Вольные стрелки - Страница 175


К оглавлению

175

— Так, Буревой, ну ты-то взрослый человек, понимаешь, что жизнь продолжается. И вечно думать о Славике тоже не получится. Он ушёл — но мы-то остались! Ярослав для того и старался, чтобы мы жили, и Веселина особенно. Поэтому пусть по подворотням не прячутся, я своё благословение, как глава рода, даю. Свадьбу только… На Восьмое марта, короче, назначайте. Праздник будет. Праздник жизни.

— И то ладно, — дед заулыбался, — а то бабы шепчутся…

— Ну что, граждане, вроде всё. Пойдёмте, завтра день длинный будет, — я начал сворачиваться, и спутники мои со мной.

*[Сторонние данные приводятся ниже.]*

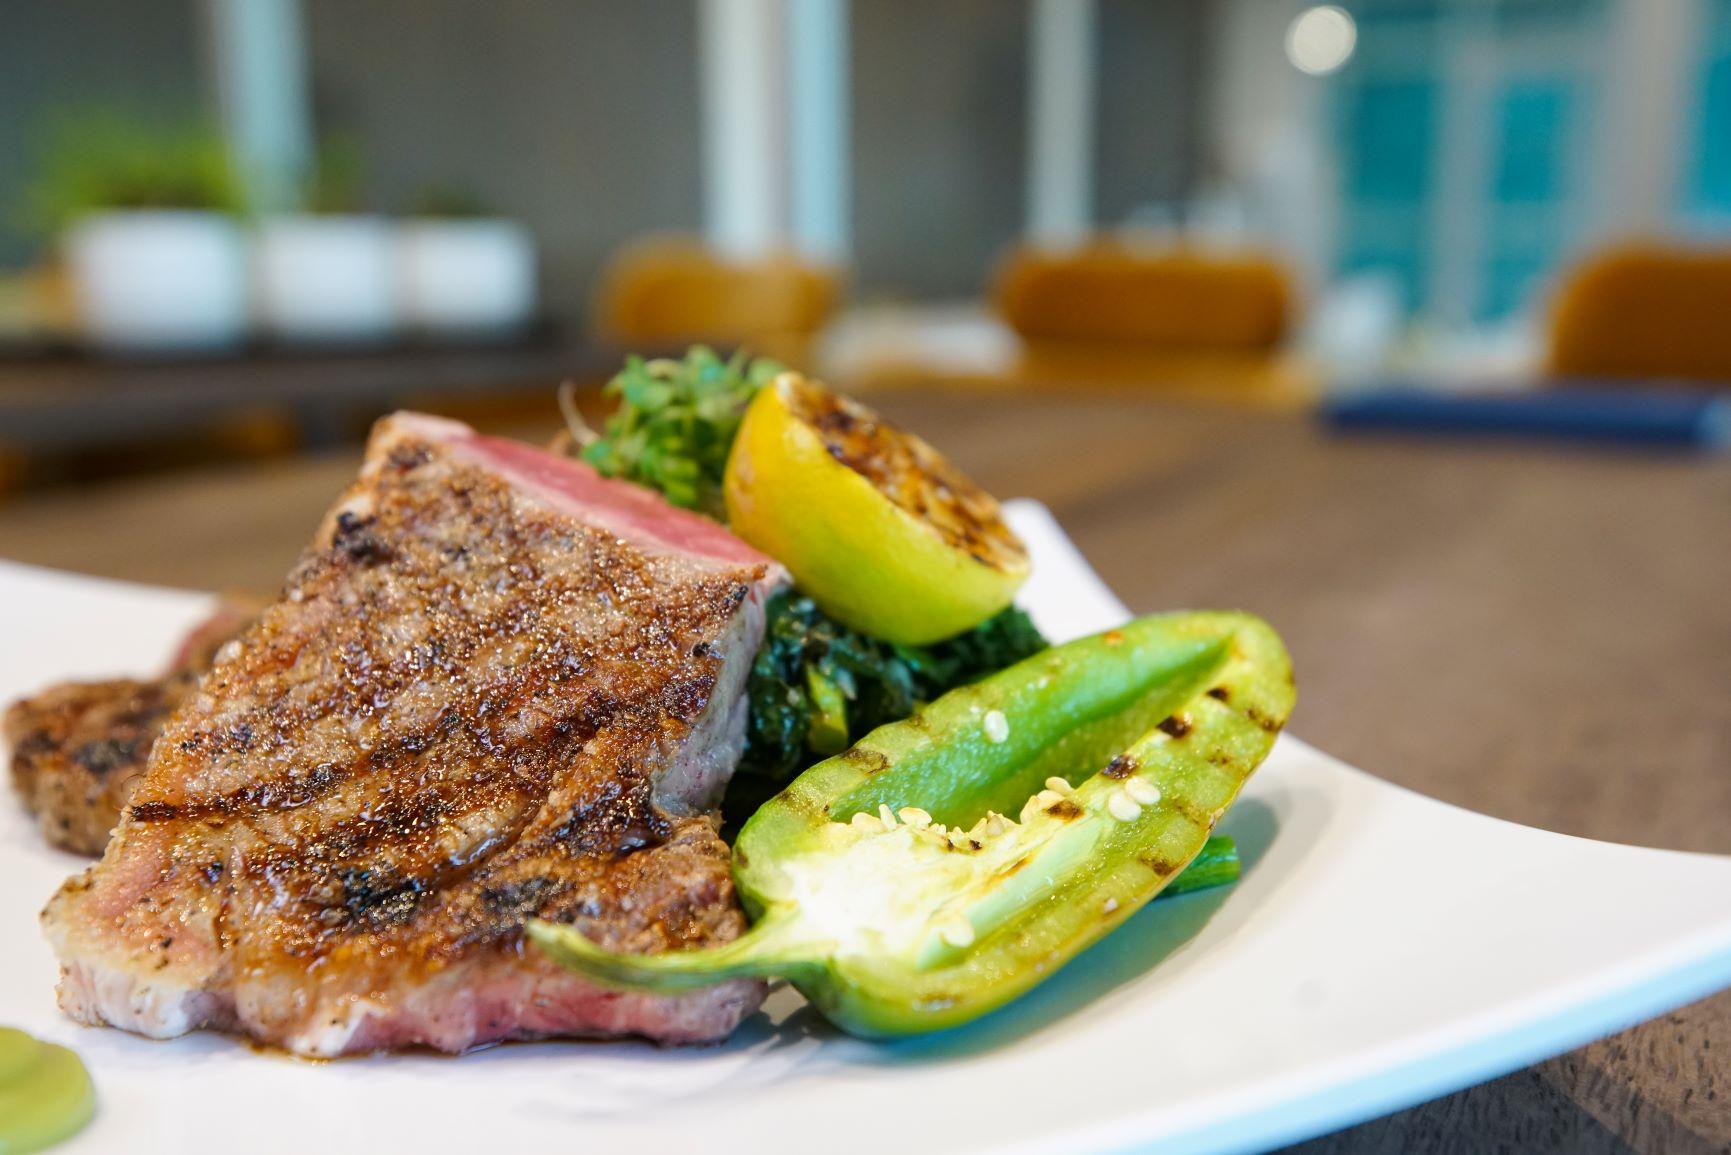 Niman Ranch NY Striploin Steak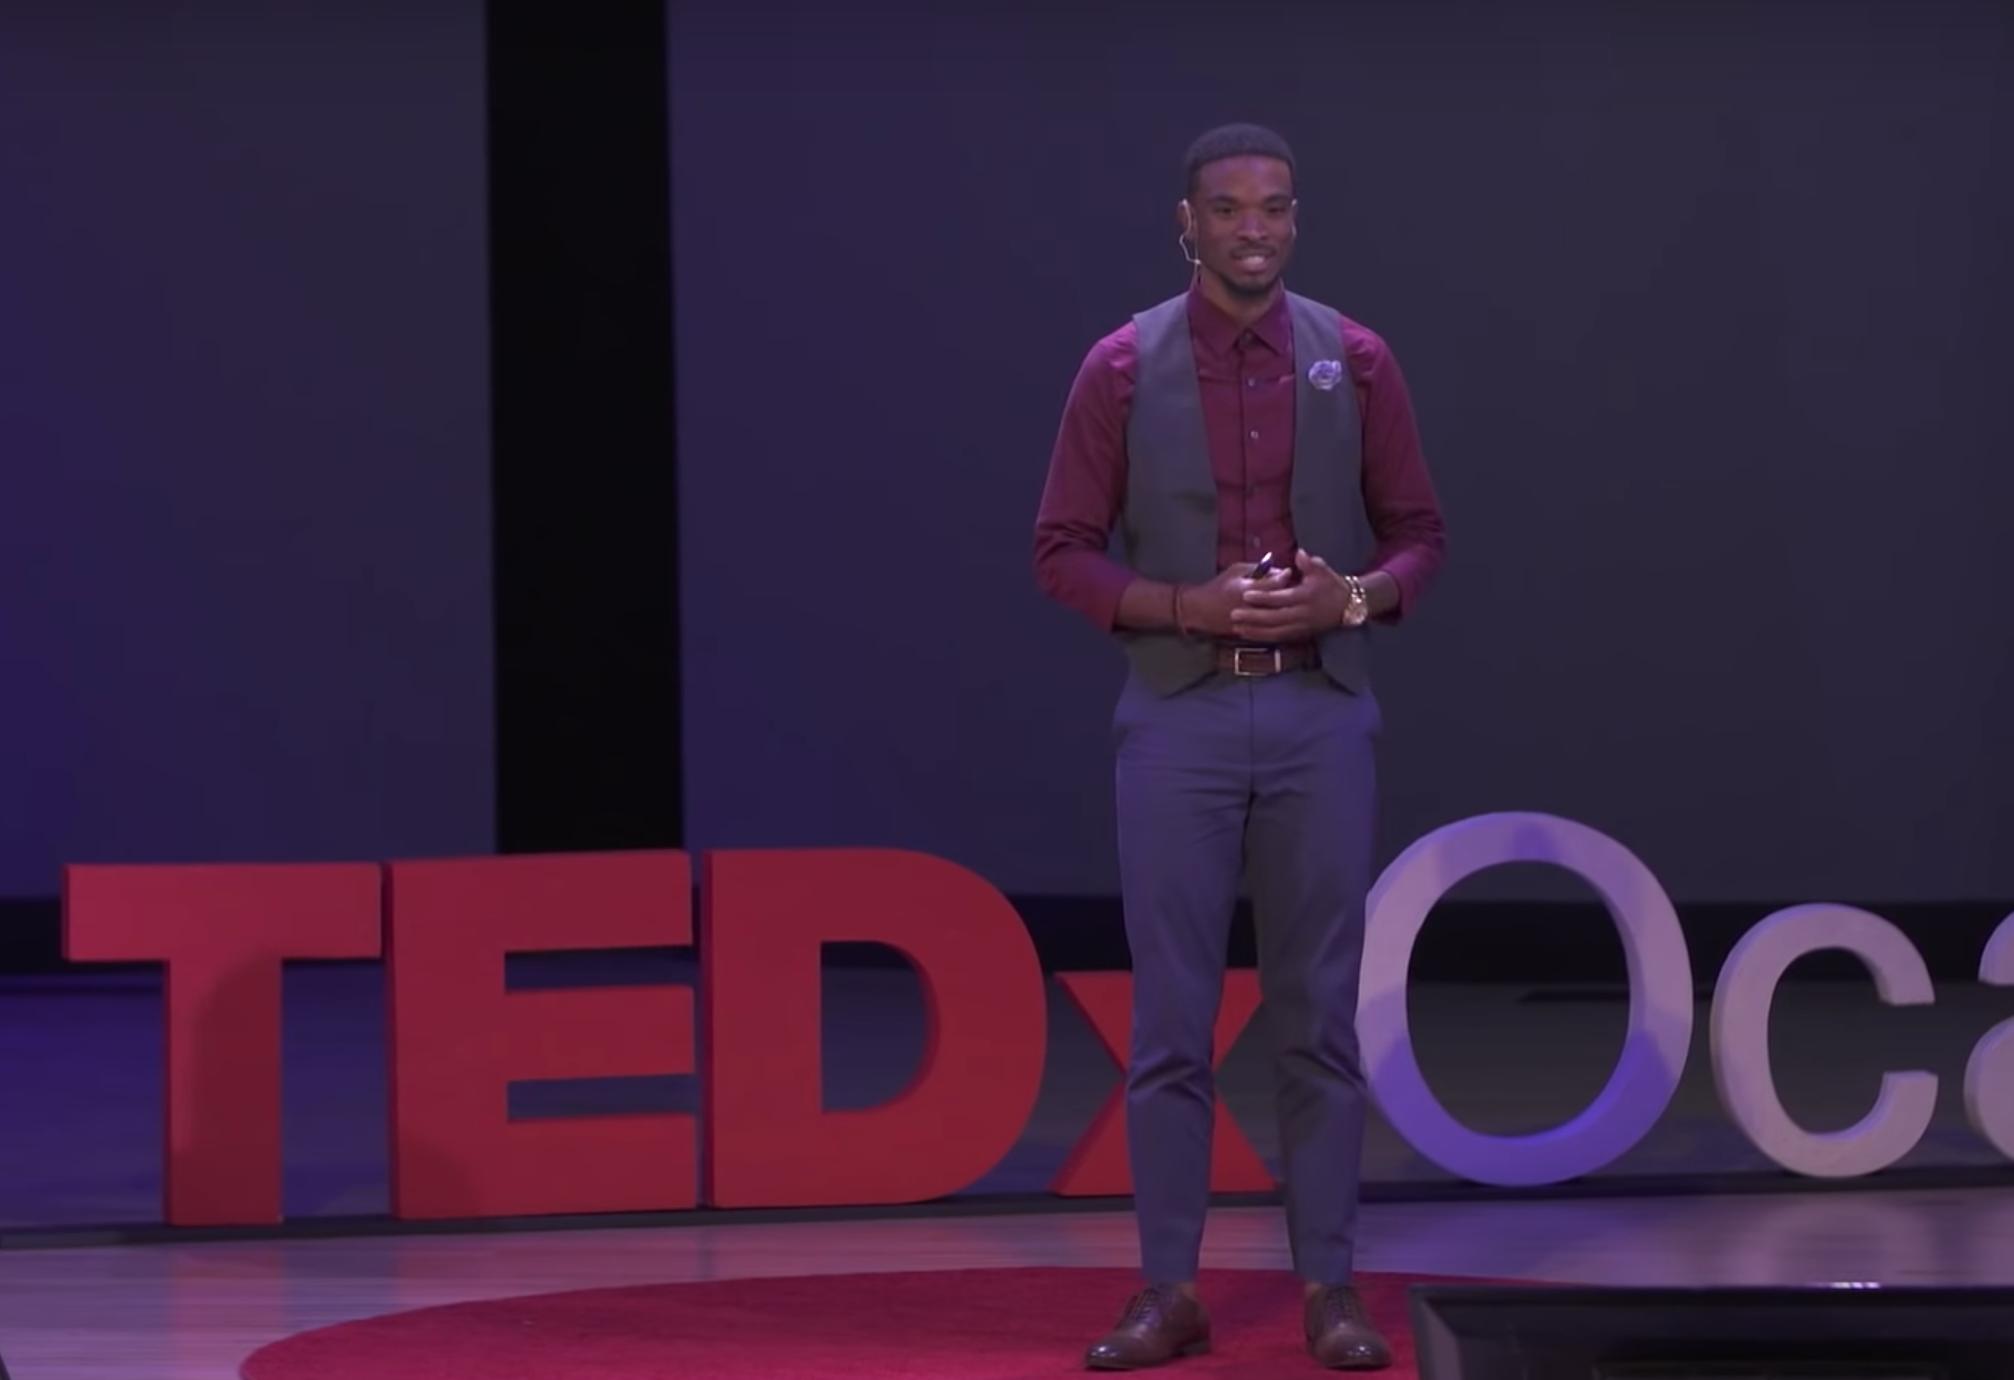 Caleb Chambliss giving TEDx talk

Этот Новый Год действительно был немного другой. Во-первых, в клубе было аж несколько представлений. Традиционное, детсадовский утренник, потом школьное выступление. Хор благородных девиц подготовил на праздник несколько песен. Вишенкой на торте должна стать новая комедия Держислава, первая. Она в нескольких актах.

Опять установили Ёлку, нарядили её всякими игрушками. Под вечер началось действо. В клуб набились чуть не все, еле влезли. Детский сад давал сегодня «Колобка», школьники — «Снегурочку». После детей вышел наш хор воспитанниц. Лица красные, кокошники синие, сарафаны — зелёные, платочки в руках. Половина воспринимала хор как суровое испытание в плену, но глядя на Ладу и Брунгильду, затихали, и печально несли творческую нагрузку. Пели все, даже те кто словенского не знал, голосить протяжно на чужом языке было проще, чем говорить на нём. Спели для разогрева «В тот день когда ты мне приснился», жалостливо получилось, но красиво. Я аж захлопал. Народ посмотрел на меня — тоже повторил. Про «Всегда быть рядом не могут люди» пошла ещё лучше. «Потолок ледяной, дверь скрипучая» — так вообще классно вышло! Народ неистовствовал, требовал ещё! Закончили про «Три белых коня» — два раза на бис спели. Ушли девчонки гордые — куда только стеснительность делась! — и присоединились к нам в зале. Брунгильда их, как цыплят из-за сцены вывела и усадила толпой на лавку.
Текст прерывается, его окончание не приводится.